Some sheep flocks susceptible to polio

FARGO - Polioencephalomacia is a disease that can become a problem in some sheep flocks, North Dakota State University Extension Service sheep specialist Reid Redden warns.

It is characterized by the death of brain cells and is different from human

polio, according to Neil Dyer, director of NDSU's Veterinary Diagnostic Lab.
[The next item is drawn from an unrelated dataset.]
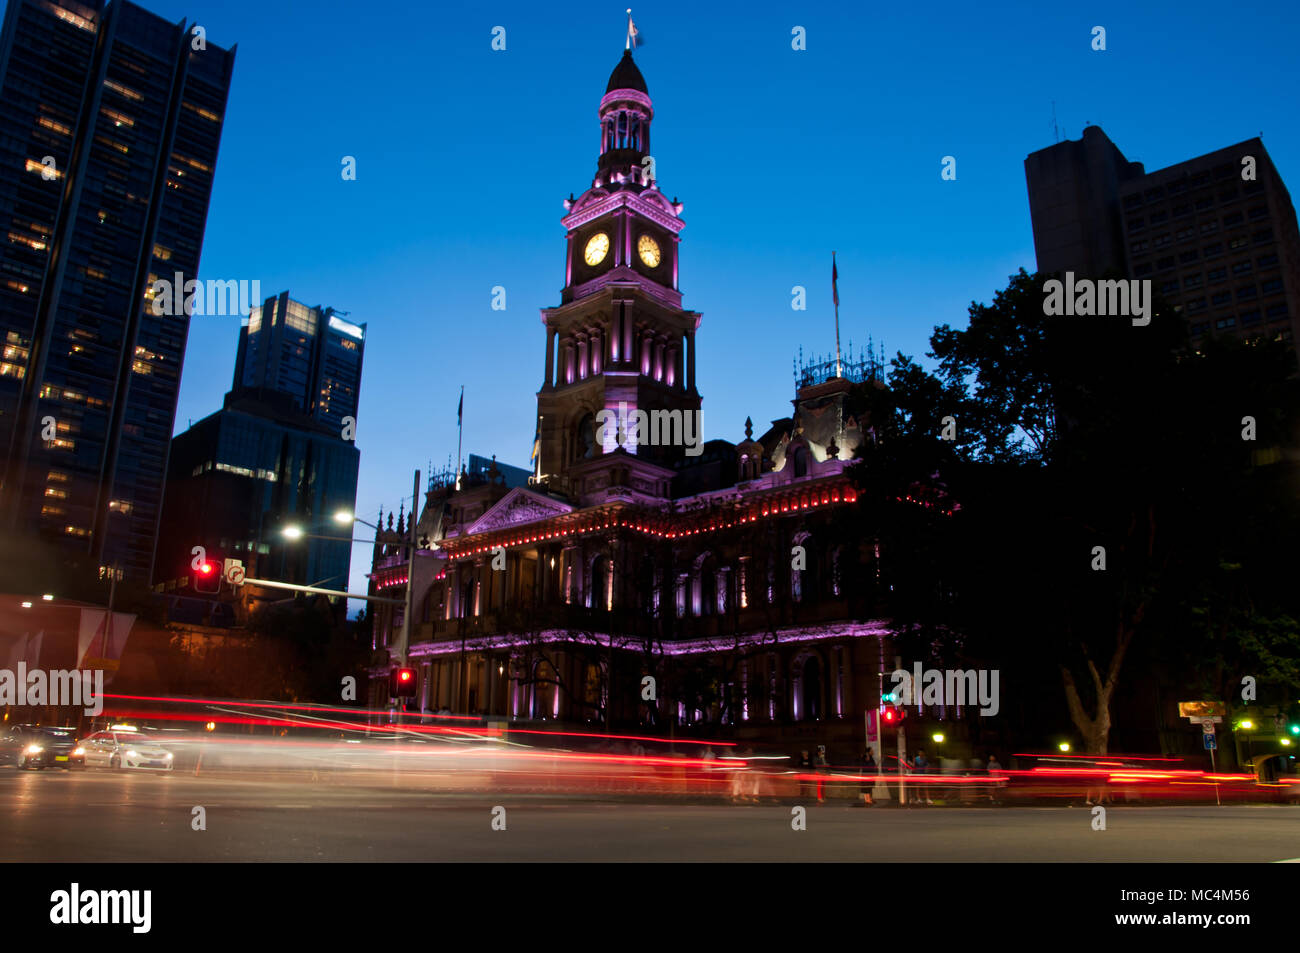 Light moving of bustling city center scene with old clock tower in Sydney Stock Photo

Rising feed costs have many livestock producers, including shepherds, looking for less-expensive alternatives to traditional feedstuffs. However, some of these changes may result in animal health problems such as polio if diets are not balanced adequately for vitamins and minerals.

The primary cause of polio in sheep is thiamine deficiency, or a disturbance in how the body uses thiamine. Thiamine (vitamin B1) is produced naturally in the rumen of sheep on a normal diet.

Feeding high-grain diets to ruminants can predispose them to polio because it slows thiamine production in the rumen and increases mechanisms that degrade thiamine produced in the rumen. Therefore, supplemental thiamine should be added to all high-grain sheep diets to prevent polio, Redden says.

Sheep suspected of having polio from a thiamine deficiency recover quickly after a few treatments with vitamin B-complex.

Another cause of polio in sheep is elevated levels of sulfur (greater than 0.43 percent dry-matter basis) in the diet or sulfates (greater than 3,000 parts per million) in the drinking water. A high level of sulfur leads to the production of hydrogen sulfide in the rumen. Hydrogen sulfide makes its way into the blood stream and eventually causes brain damage.

Some alternative feeds, especially distillers byproducts, can contain high

levels of sulfur. Drought conditions can reduce the water quality of ponds and reservoirs that livestock use as their primary water source. The best method of preventing polio from excess sulfur is to test feed and water sources, Redden says.

Plants such as bracken fern and horse tail also contain enzymes that can cause polio. Additionally, amprolium, a drug used to treat coccidiosis, can cause polio if given at high enough doses. However, these causes of polio are much less common.

Sheep affected by polio typically are isolated from the flock and exhibit signs of blindness, Dyer says. If the problem progresses, they tend to arch their back with their head up and appear to be stargazing. Sheep often are found on their side, with their feet paddling, and are unable to get up. Depending on the weather conditions and severity of the disease, death typically occurs within hours to a few days.

Polio most often is seen in lambs from a few weeks to 6 months old; however, it can affect sheep of any age. Sheep producers who suspect polio in their flock should contact their attending veterinarian for treatment and prevention advice.